* **DATA**
□ □ □ □ □
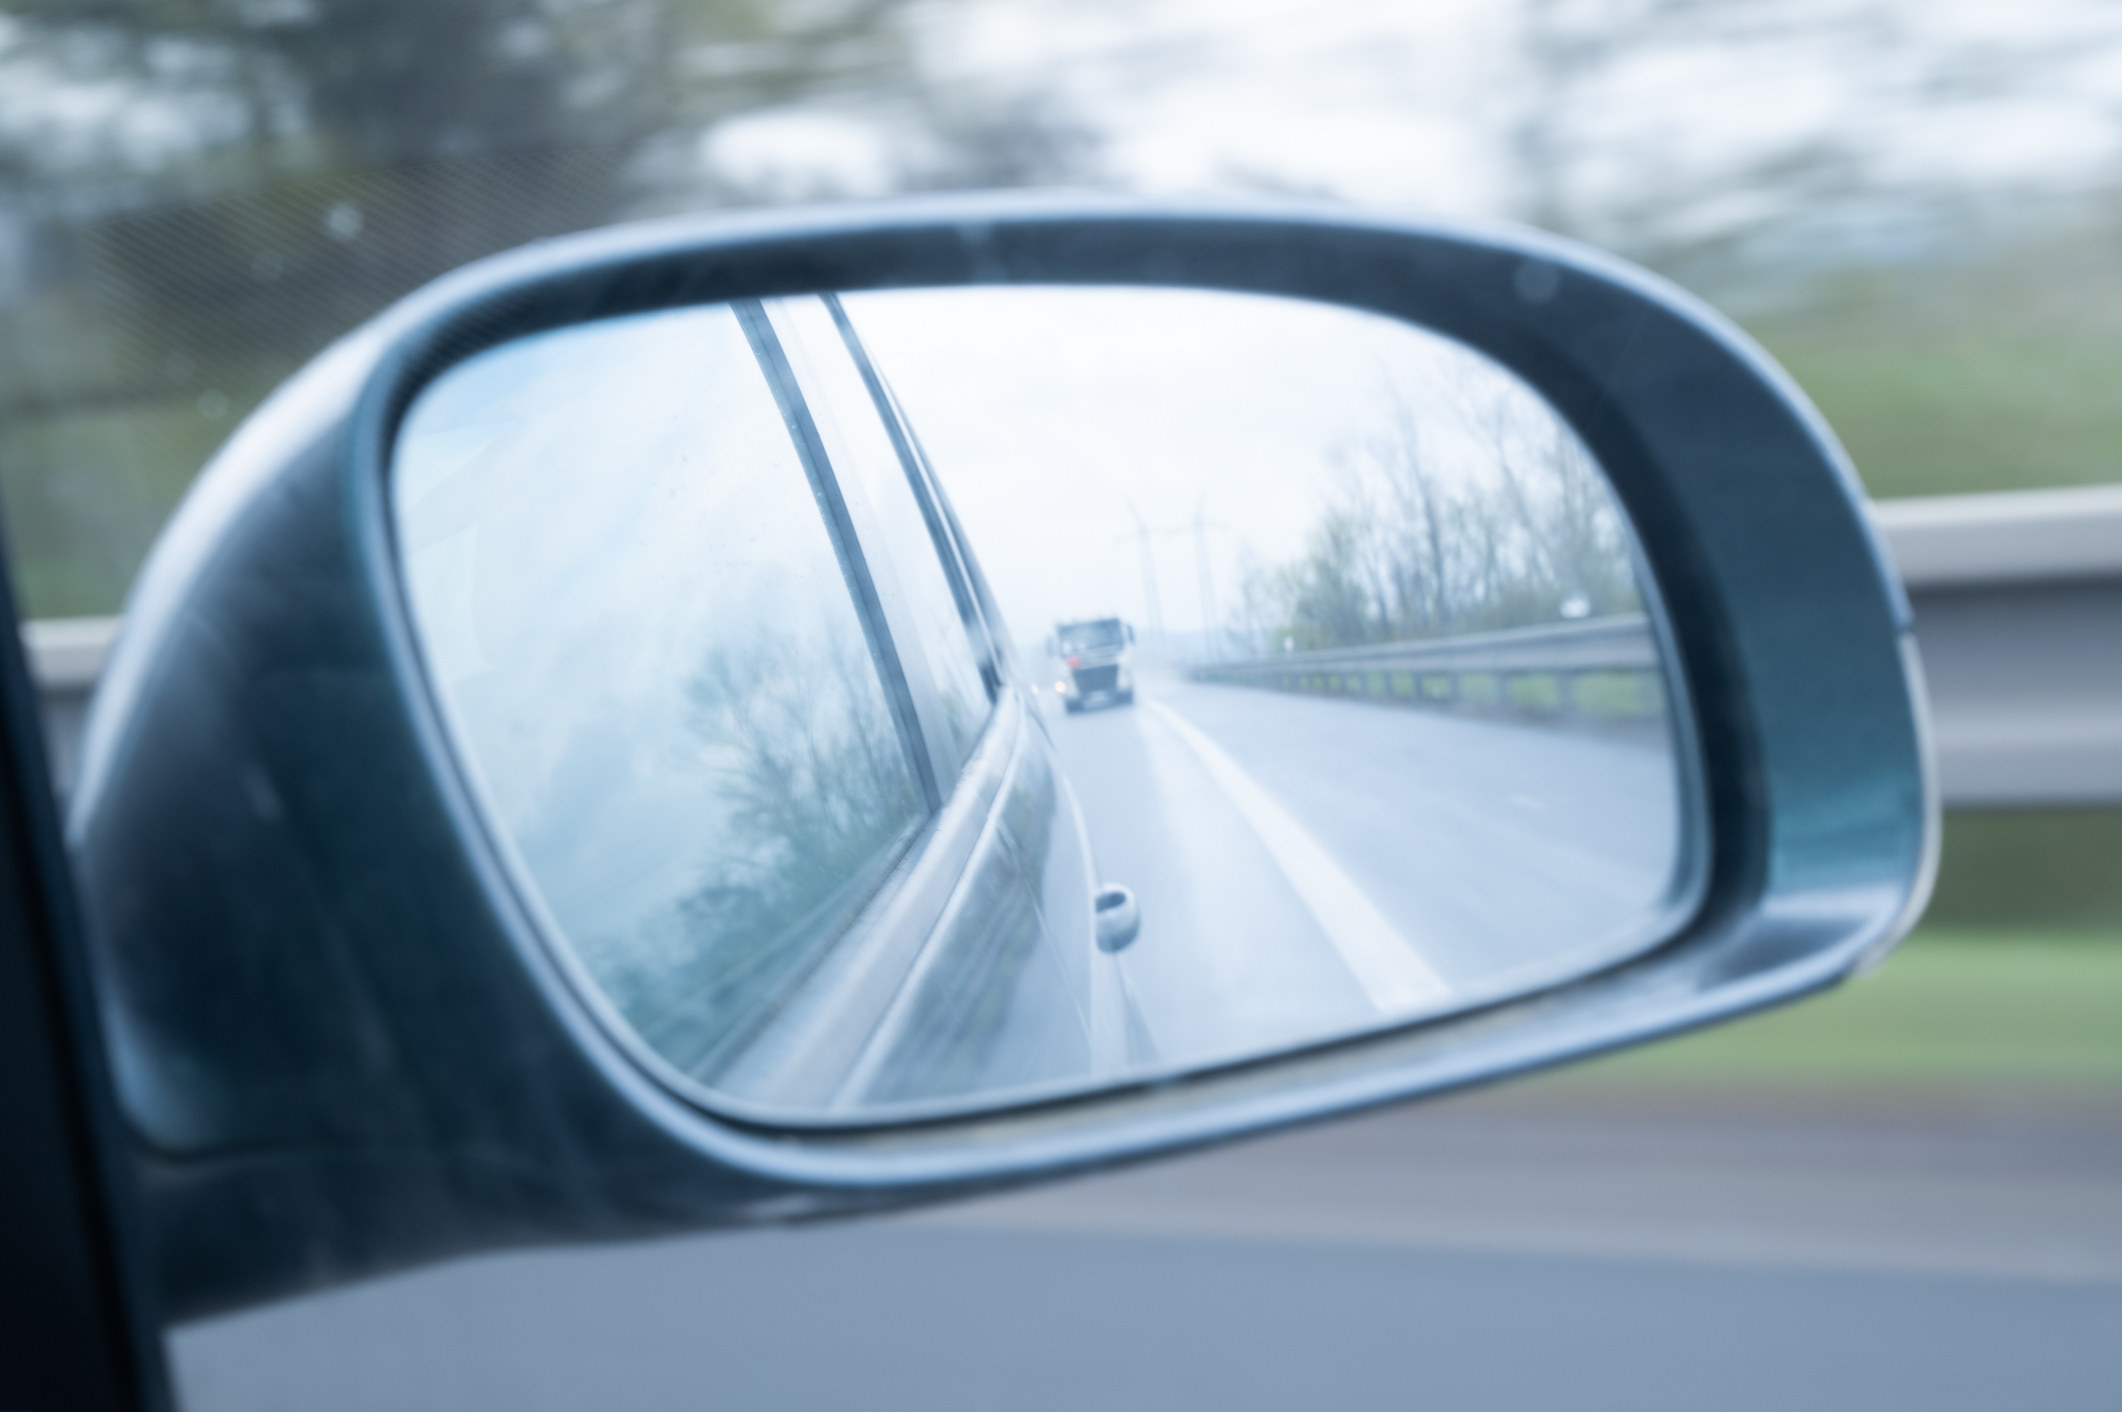 A car in the rear view mirror
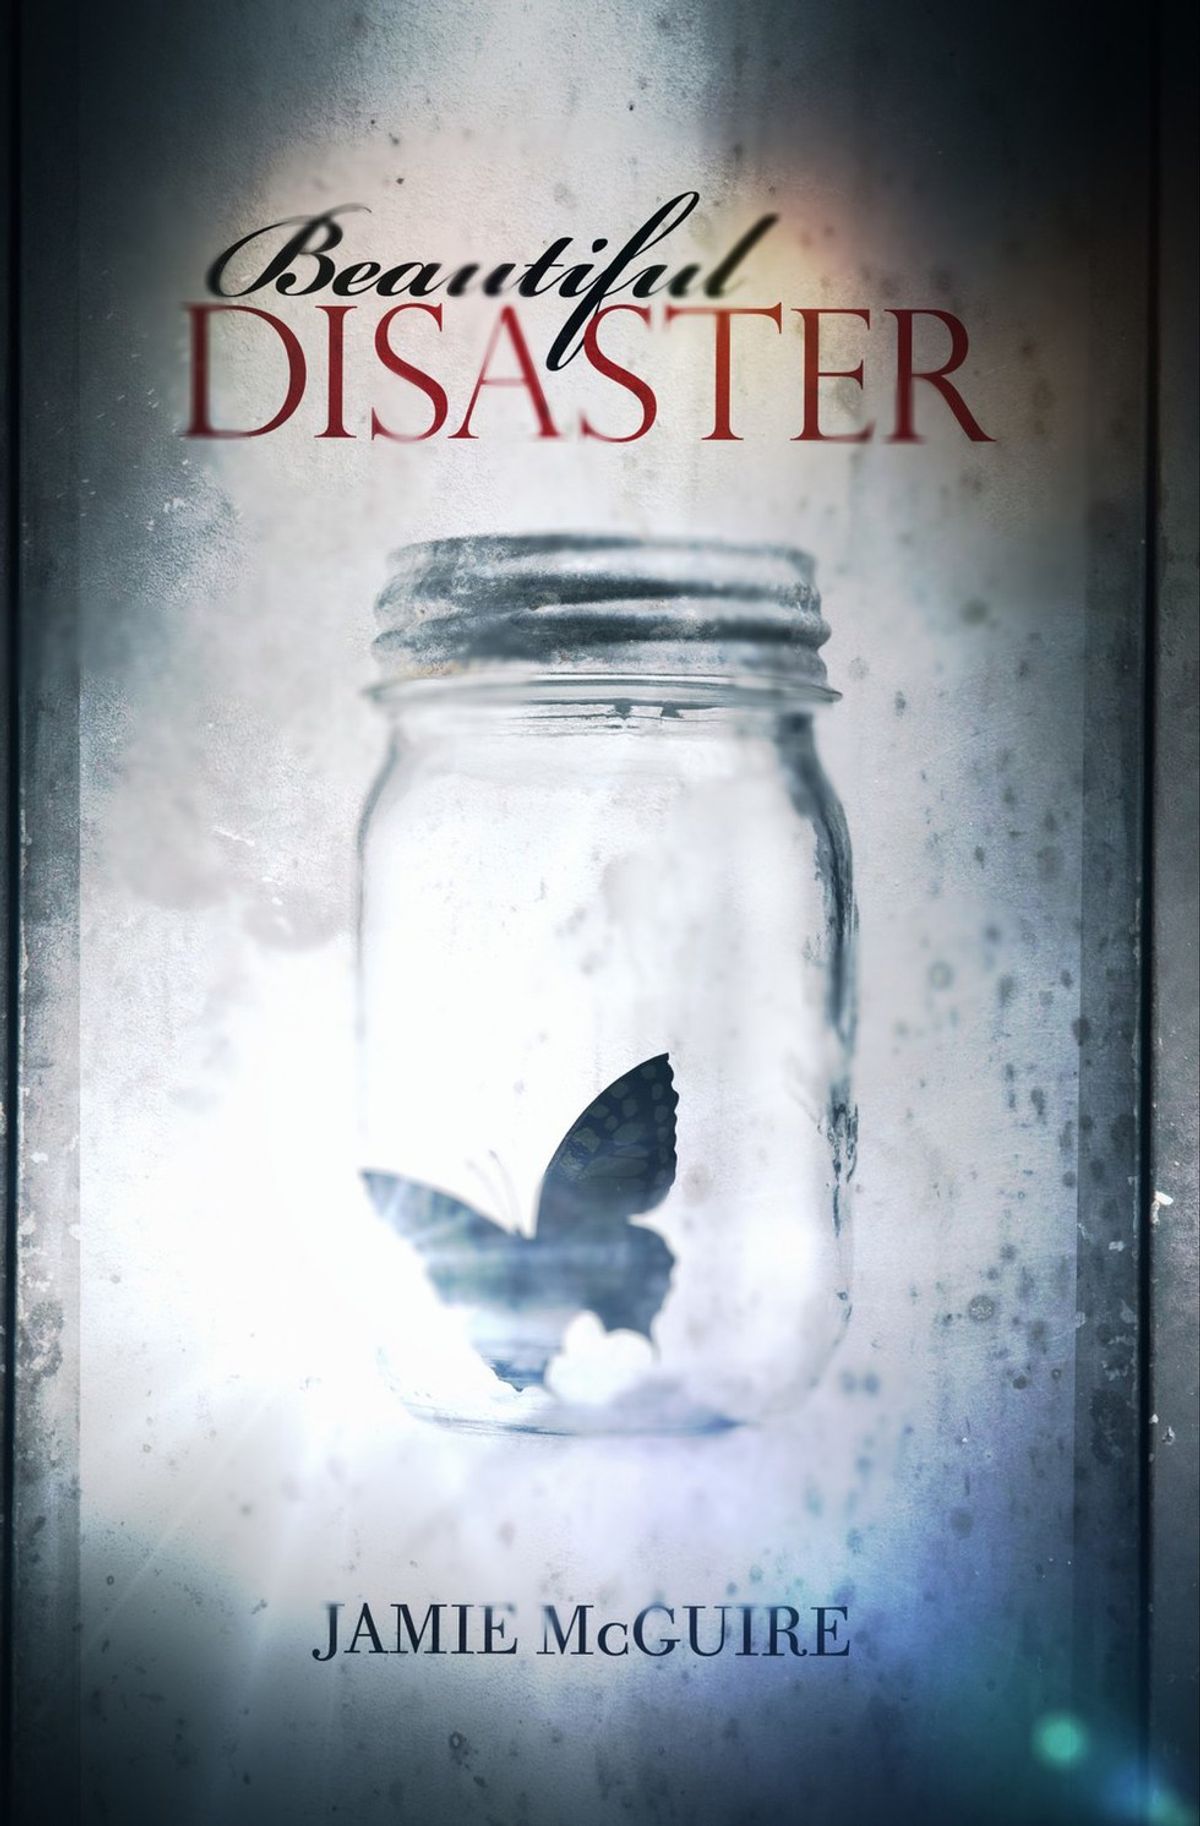 'Beautiful Disaster' Book Review
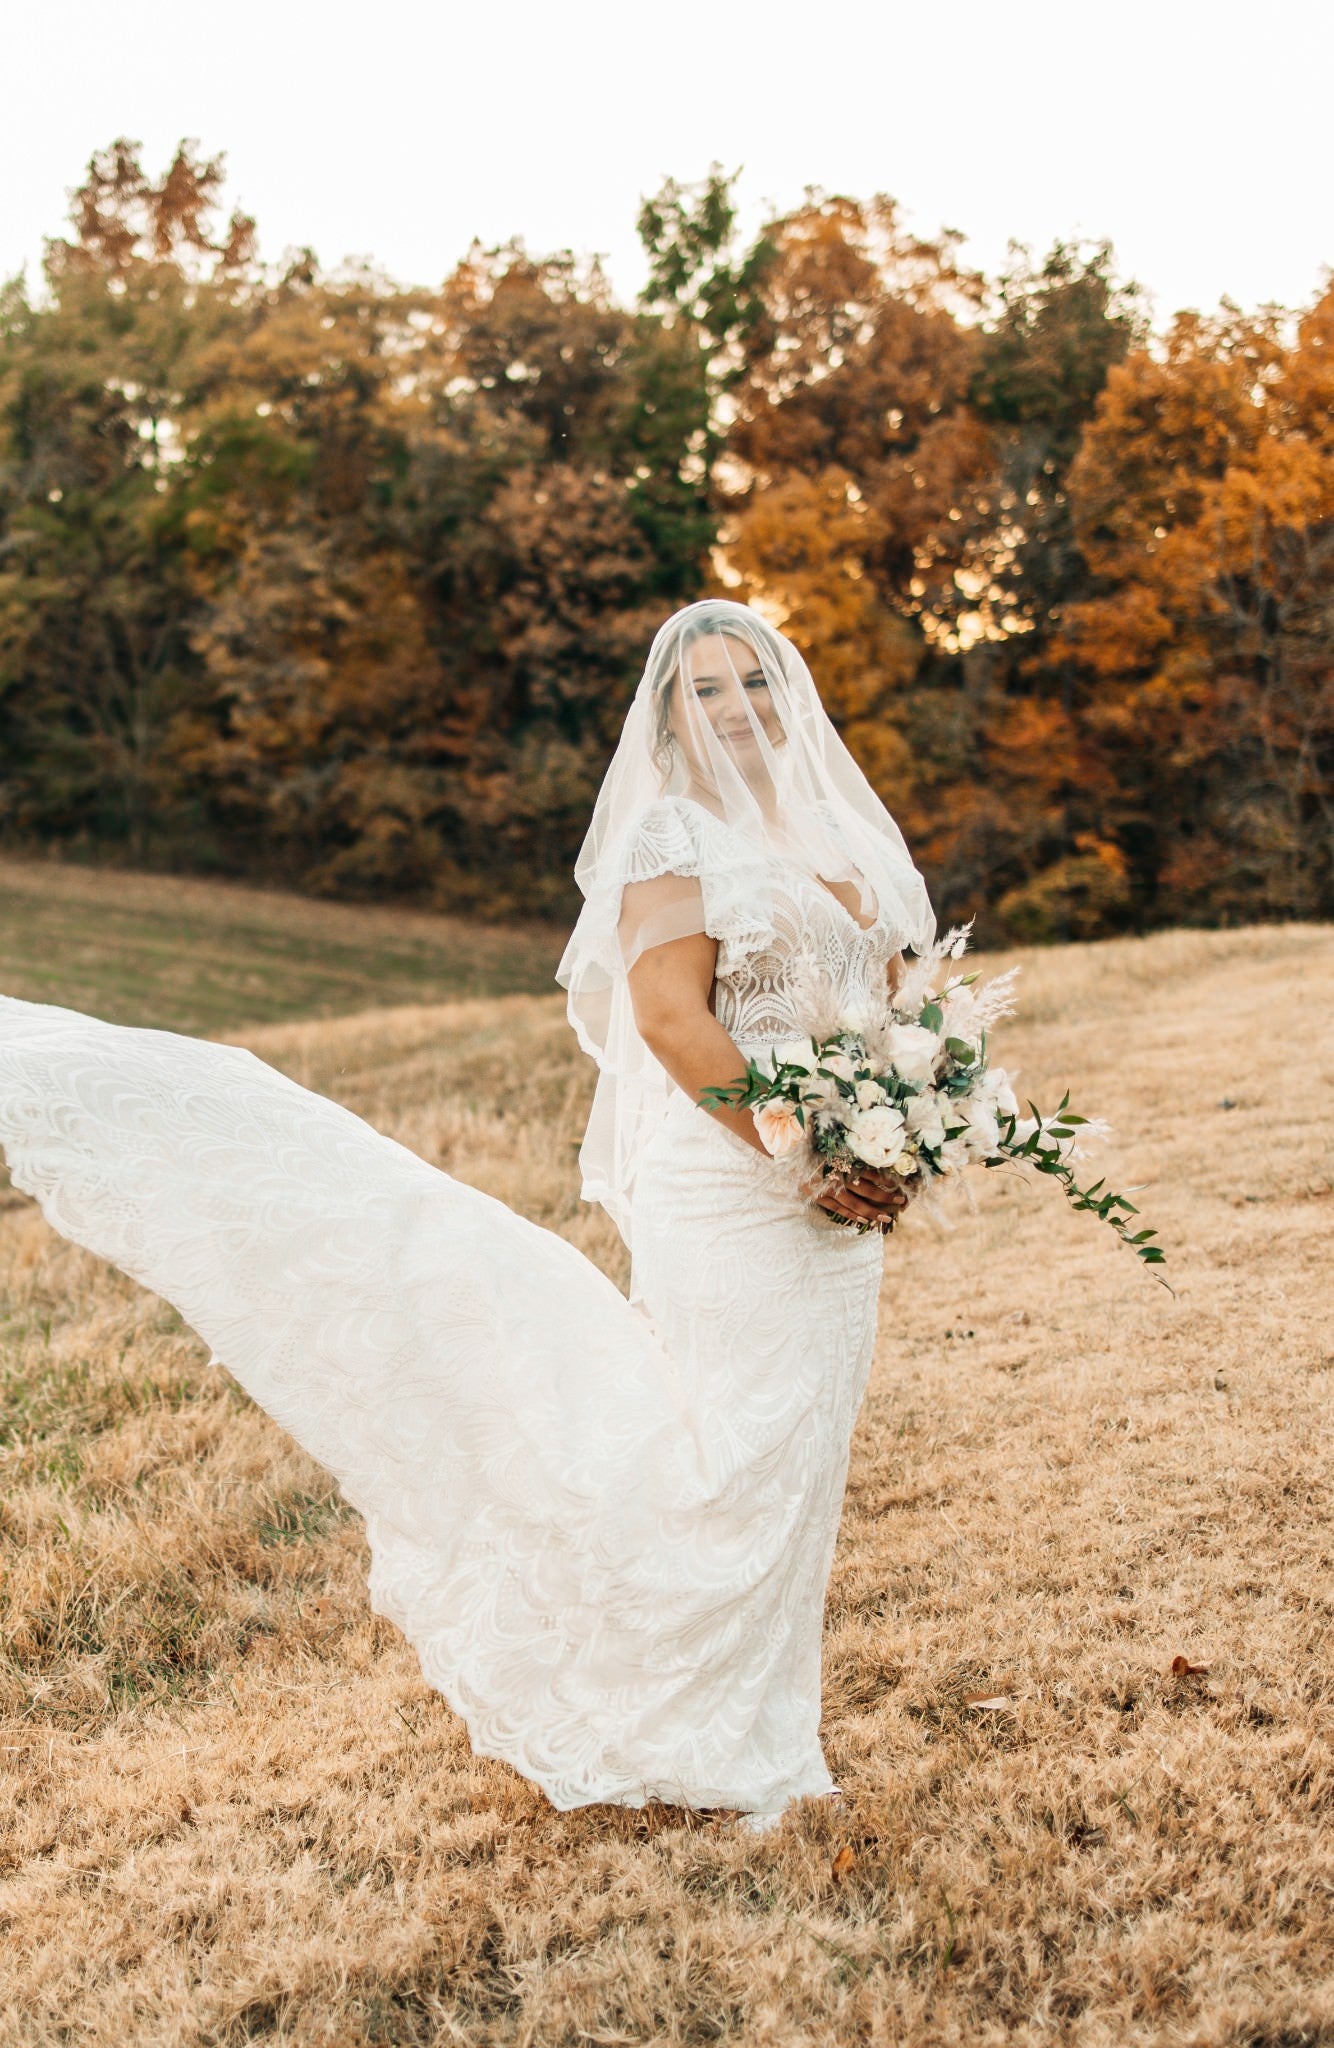 Wedding Veil With Blusher 2 Tier Bridal Veil Soft Wedding
□ □ □ □ □
* **EXERCISE**
When you return the listing, keep each line exact and leave the pictures out.

* **OUTPUT BELOW**
 A car in the rear view mirror
 'Beautiful Disaster' Book Review
 Wedding Veil With Blusher 2 Tier Bridal Veil Soft Wedding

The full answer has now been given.